How Mac Jones Performed In Patriots’ Season-Opening Loss To Dolphins

It was an impressive debut for Jones in a losing effort

FOXBORO, Mass. — What’s the worst possible outcome for a pass attempt that doesn’t result in a turnover or points for the other team?

Mac Jones came close on his first career dropback.

After starting the opening drive of his regular-season NFL debut with four consecutive handoffs, the New England Patriots rookie quarterback faced immediate pressure off the edge from Miami Dolphins cornerback Byron Jones, who’d shot past motioning tight end Jonnu Smith. Jones appeared to panic, spiking the ball backward in Smith’s direction as Jones, linebacker Andrew Van Ginkel and defensive tackle Christian Wilkins bore down on him.

A forward spike is an incompletion. A backward one? That’s a fumble.
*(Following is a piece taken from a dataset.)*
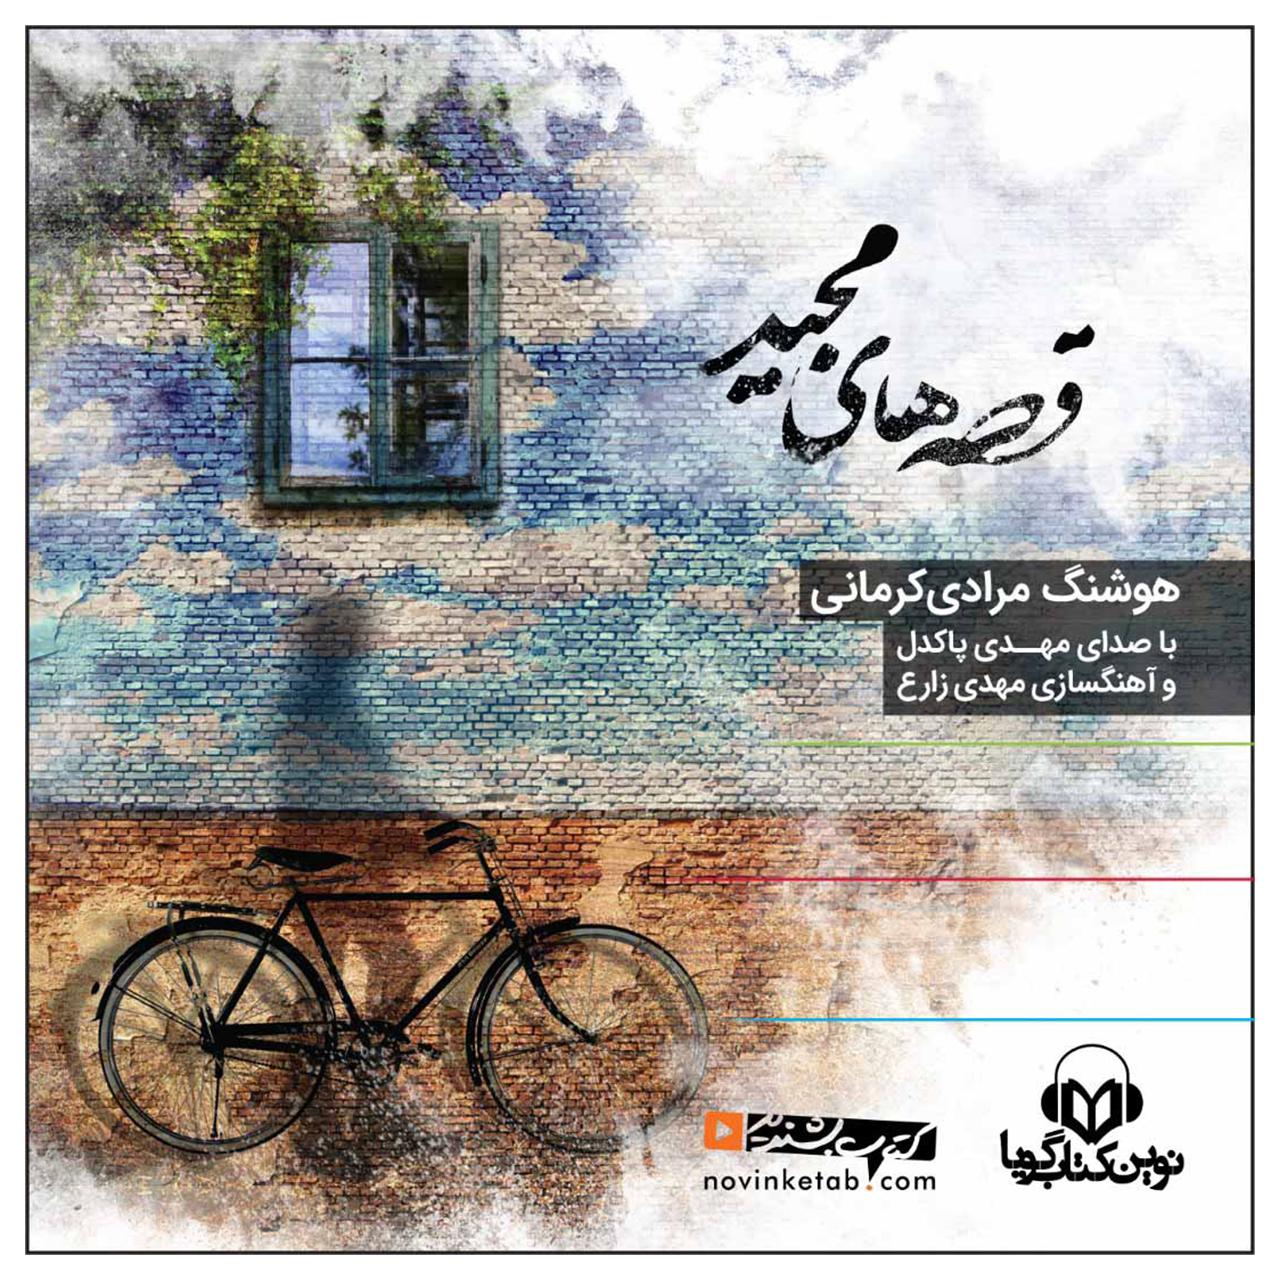 کتاب صوتی قصه های مجید اثر هوشنگ مرادی کرمانی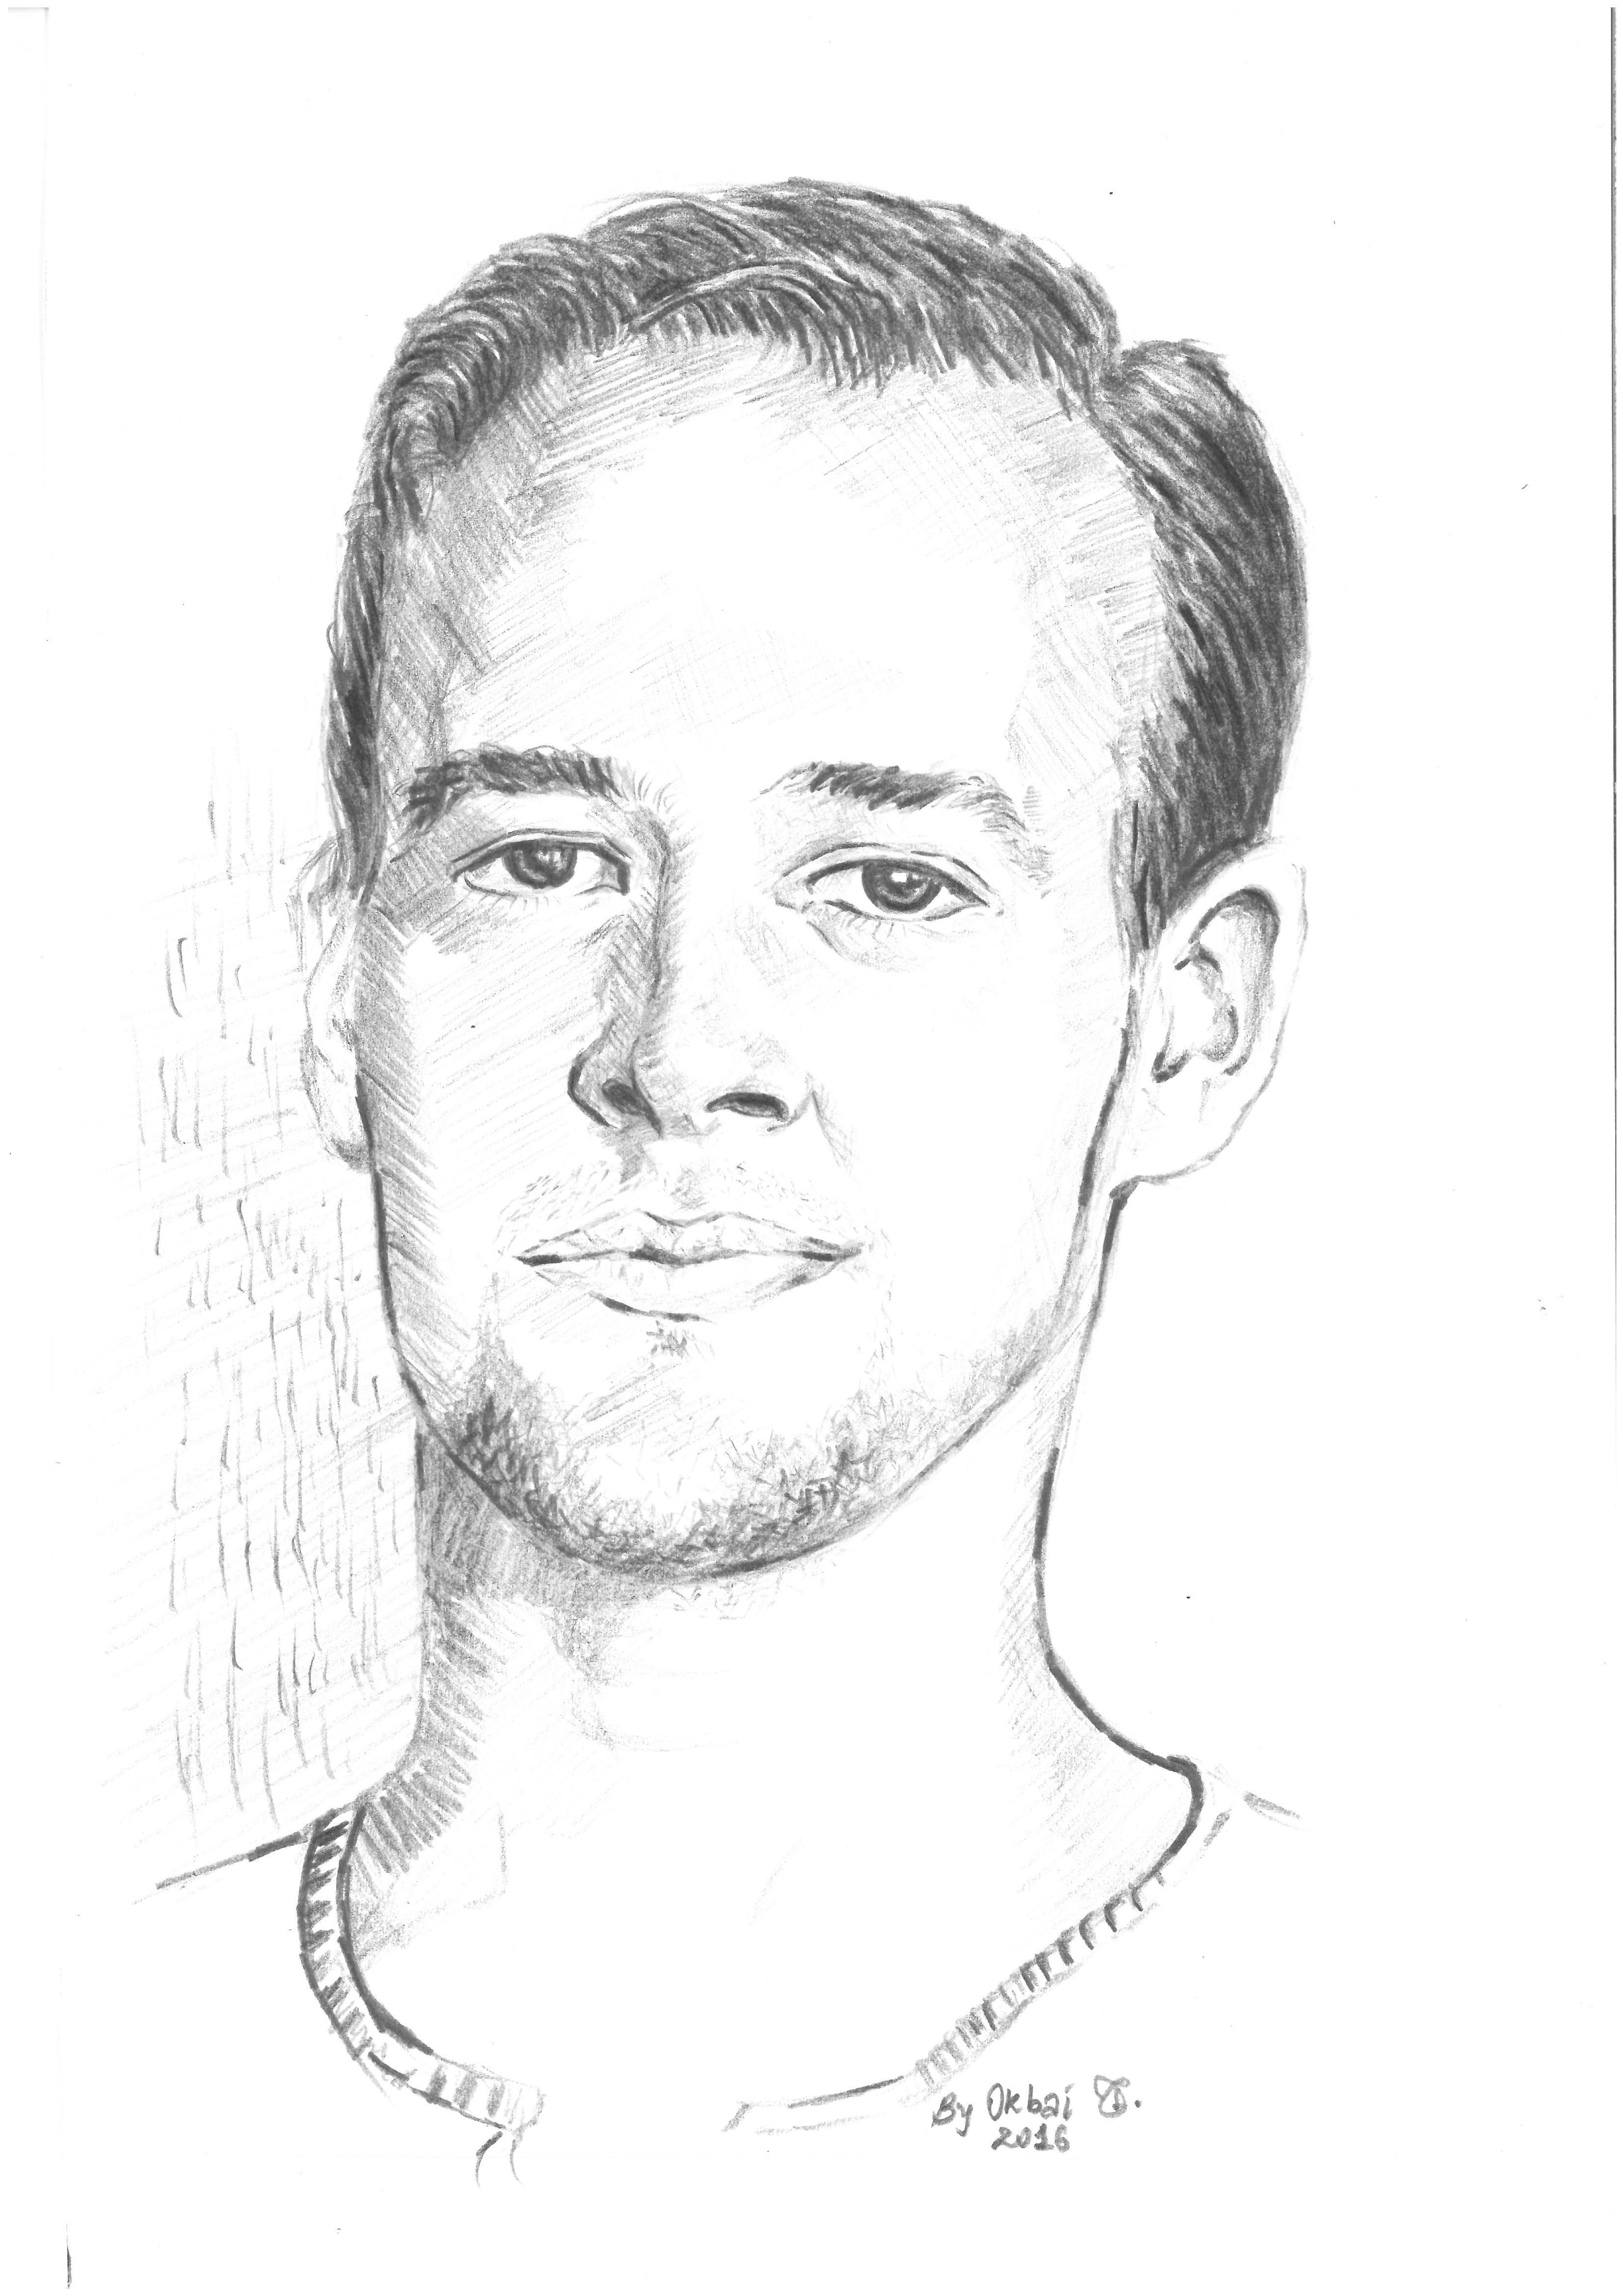 Eind Bild zeigt ein gezeichnetes Porträt von Maximilian Pfeifer

Fortunately for the Patriots, Smith pounced on the ball, limiting the damage to a 13-yard loss.

And rather than a harbinger of more first-game jitters, that proved to be but an early speedbump in an otherwise impressive outing for the first-round draft pick.

Jones, who beat out Cam Newton for the starting job in training camp, completed 29 of 39 passes for 281 yards and one touchdown with no turnovers as the Patriots fell to the Dolphins 17-16 in Sunday’s season opener at Gillette Stadium.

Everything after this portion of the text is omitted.